Ftse di Milano -2%. Stellantis -6%, peggior blue chip. Brunello Cucinelli -4,5%, Unipol -4,4%. In rialzo Eni, +3,5%. Leonardo +3%.
Petrolio e gas
ll WTI balza del 6% a 71 dollari al barile. Si tratta del maggior rialzo degli ultimi 4 anni. La guerra ha portato alla chiusura dello Stretto di Hormuz, un’arteria vitale al largo delle coste iraniane attraverso cui transita circa un quinto del petrolio mondiale.

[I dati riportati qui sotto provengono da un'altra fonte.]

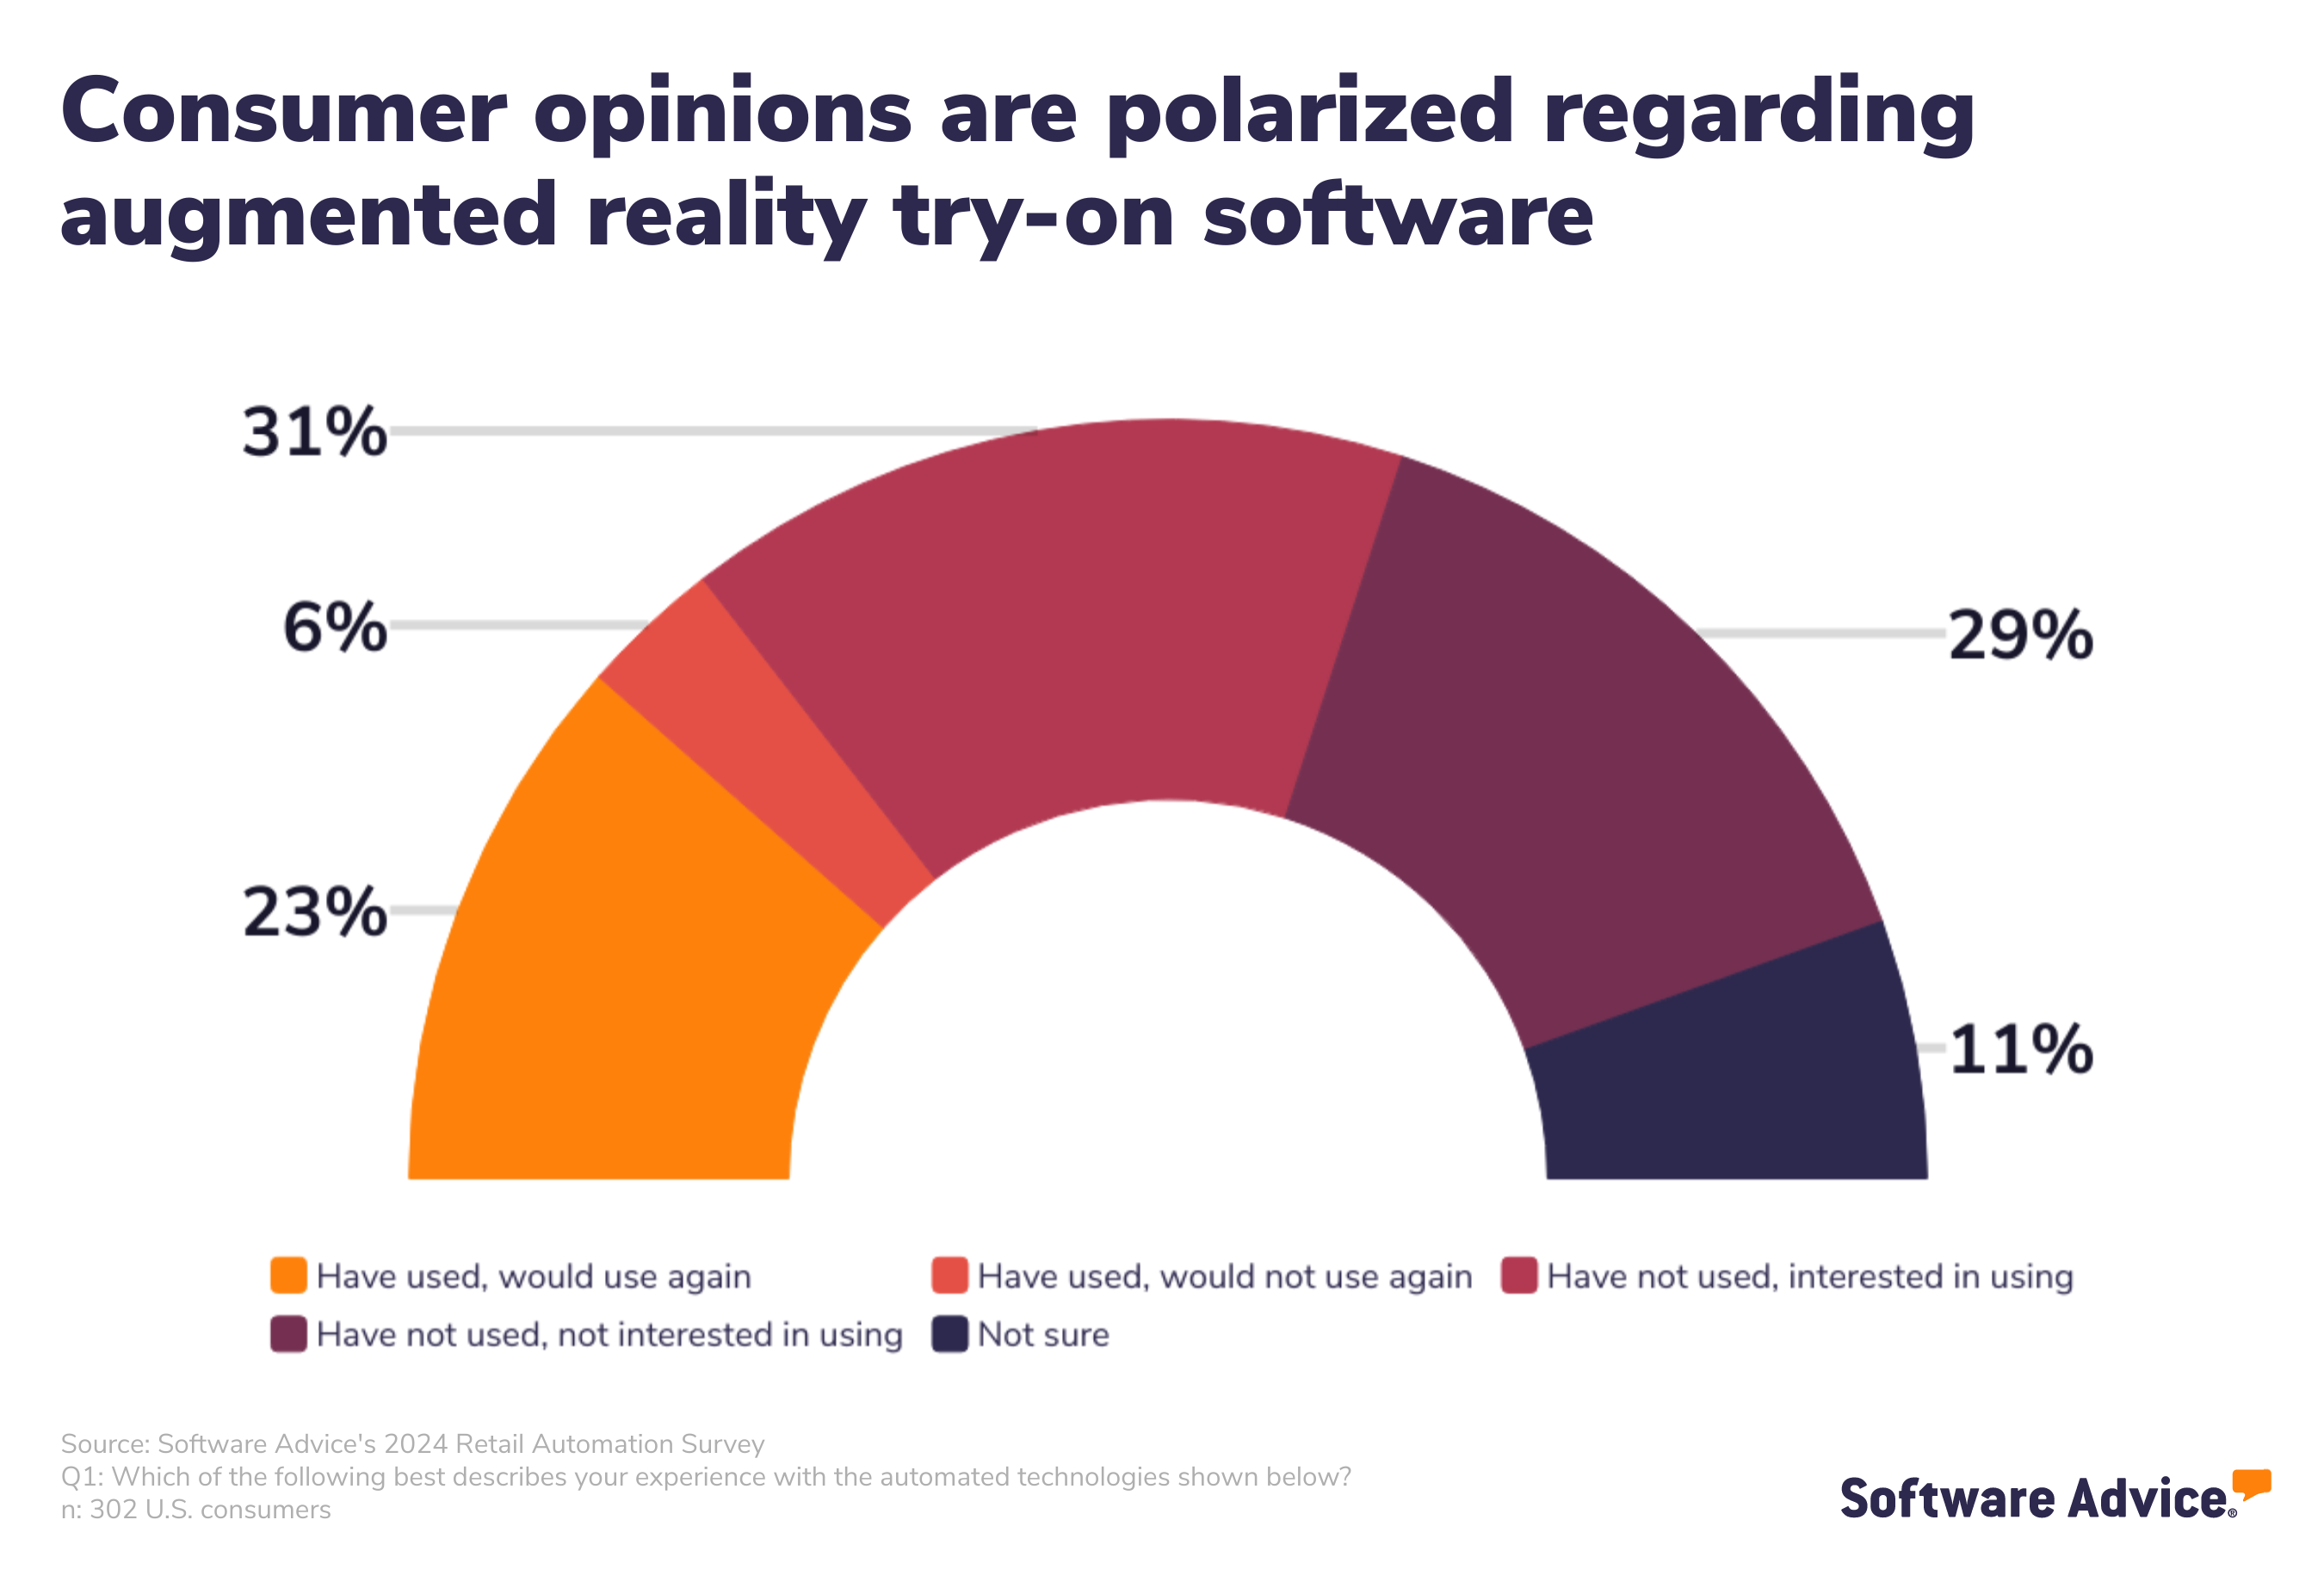 SA graphic depicting the percentages of consumer opinions who are polarized regarding augmented reality try-on software

Saudi Aramco ha sospeso le operazioni nella più grande raffineria dell’Arabia Saudita dopo un attacco con droni nell’area, secondo fonti a conoscenza dei fatti. Mentre QatarEnergy ha interrotto la produzione di gas naturale liquefatto dopo attacchi al complesso di Ras Laffan. Domenica l’OPEC+ ha concordato di riprendere l’aumento della produzione il mese prossimo per contrastare un’altra impennata dei prezzi del petrolio.
In Europa, il gas naturale sale del +50%, il maggiore aumento dall’agosto 2023.

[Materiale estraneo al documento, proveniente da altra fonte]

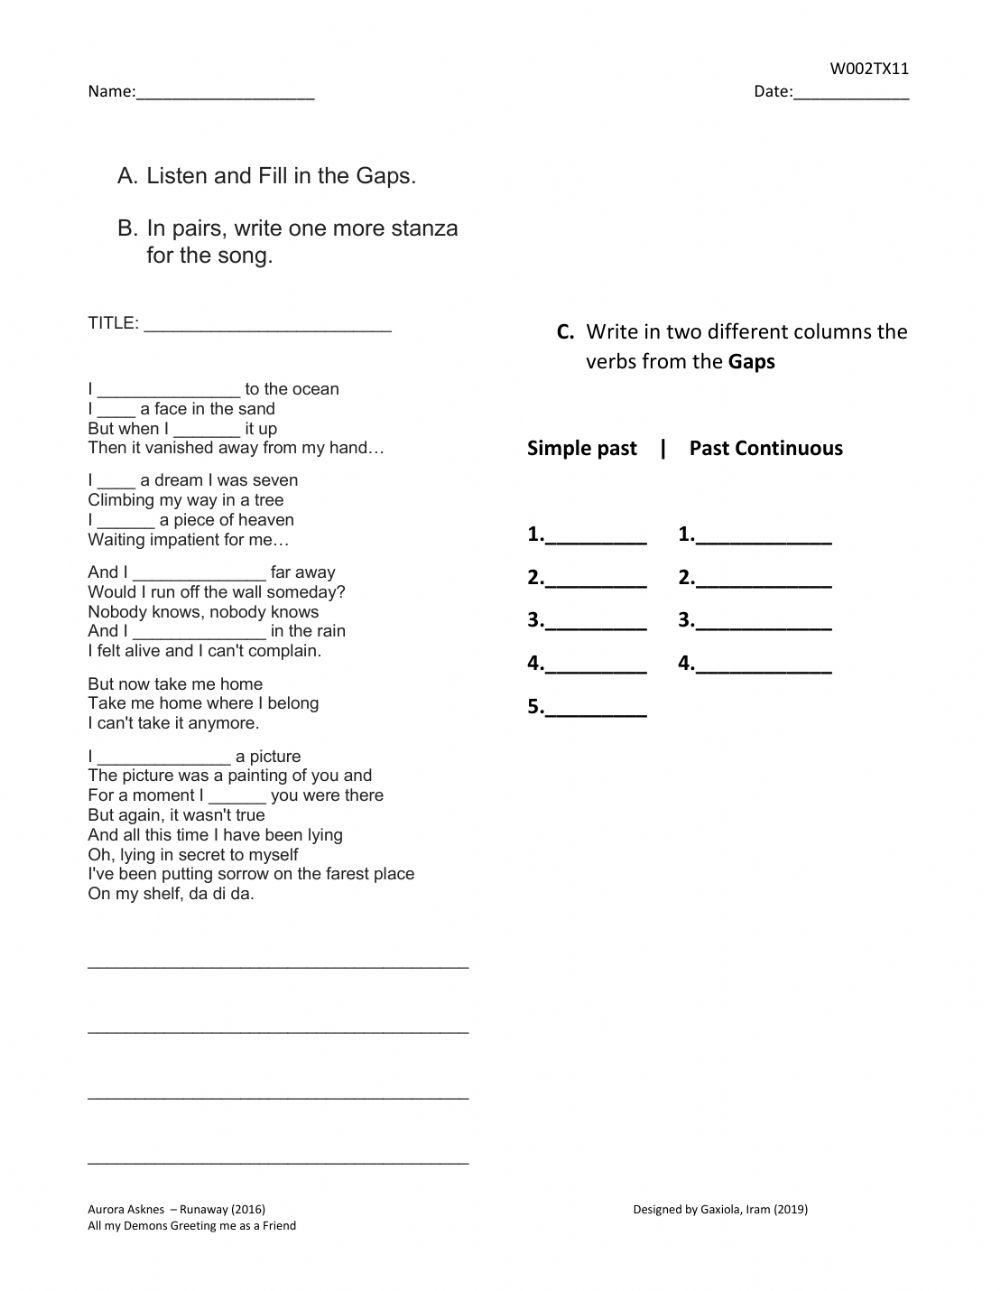 Worksheet-Listening-Aurora-simple-past-and-past-continuous

Il Qatar è il secondo fornitore mondiale di gas naturale liquido (dopo gli Stati Uniti). L’Italia, insieme a Belgio e Polonia, è tra i paesi più esposti agli acquisti di gas naturale liquido dal Qatar, in virtù di contratti di fornitura di lungo termine. Nel 2024 il Qatar ha rappresentato il 45% delle importazioni totali di gas naturale liquido italiane.
Macrovariabili
Oro +0,2% a 5.290 dollari l’oncia, dal +0,2% di oggi. Argento in calo del 6%.
Treasury - I rendimenti dei sono aumentati lungo tutta la curva. Il decennale sale di 10 punti base al 4,05%. Il rally del petrolio alimenta i timori che un’accelerazione dell’inflazione possa pesare sull’economia globale. E gli investitori temono che i prezzi energetici più elevati possano rendere la Federal Reserve meno incline a tagliare i tassi di interesse.
In Europa, si azzerano le aspettative di un taglio tassi. Bund a 2,70% di tasso di rendimento, +7 punti base. BTP a 3,53%. Si allarga la spread, a 64 punti base.
Euro -1,1% a 1,167 dollari.
Bitcoin +6% a 69.700 dollari.
Titoli sotto la lente
Difesa. Il comparto sale nel contesto della guerra tra Usa e Iran. Le azioni di Lockheed Martin guadagnano il 6%, mentre Northrop Grumman sale del 5%. Il produttore di droni AeroVironment balza di oltre il 10%.
Petrolio. Diversi titoli del settore petrolifero registrano forti rialzi. Le azioni di Exxon Mobil e Chevron guadagnano circa il 4%, mentre ConocoPhillips sale di oltre il 5%. Sale anche il comparto delle petroliere: Frontline sale di oltre il 5%, mentre DHT Holdings guadagna il 7% e International Seaways avanza del 6%.
Viaggi. Il comparto scende mentre si interrompono i voli in Medio Oriente. Expedia e Booking Holdings perdono rispettivamente il 3,2% e il 2,7%. Delta Air Lines scende del 5,7%, mentre American Airlines e United perdono almeno il 6% ciascuna.
Berkshire Hathaway. Le azioni di classe B perdono l’1% dopo che il conglomerato registra un calo dell’utile operativo di quasi il 30% nel quarto trimestre, dovuto in larga parte alla debolezza del comparto assicurativo. Anche l’utile complessivo, che include i guadagni o le perdite sugli investimenti azionari del conglomerato, diminuisce leggermente su base annua.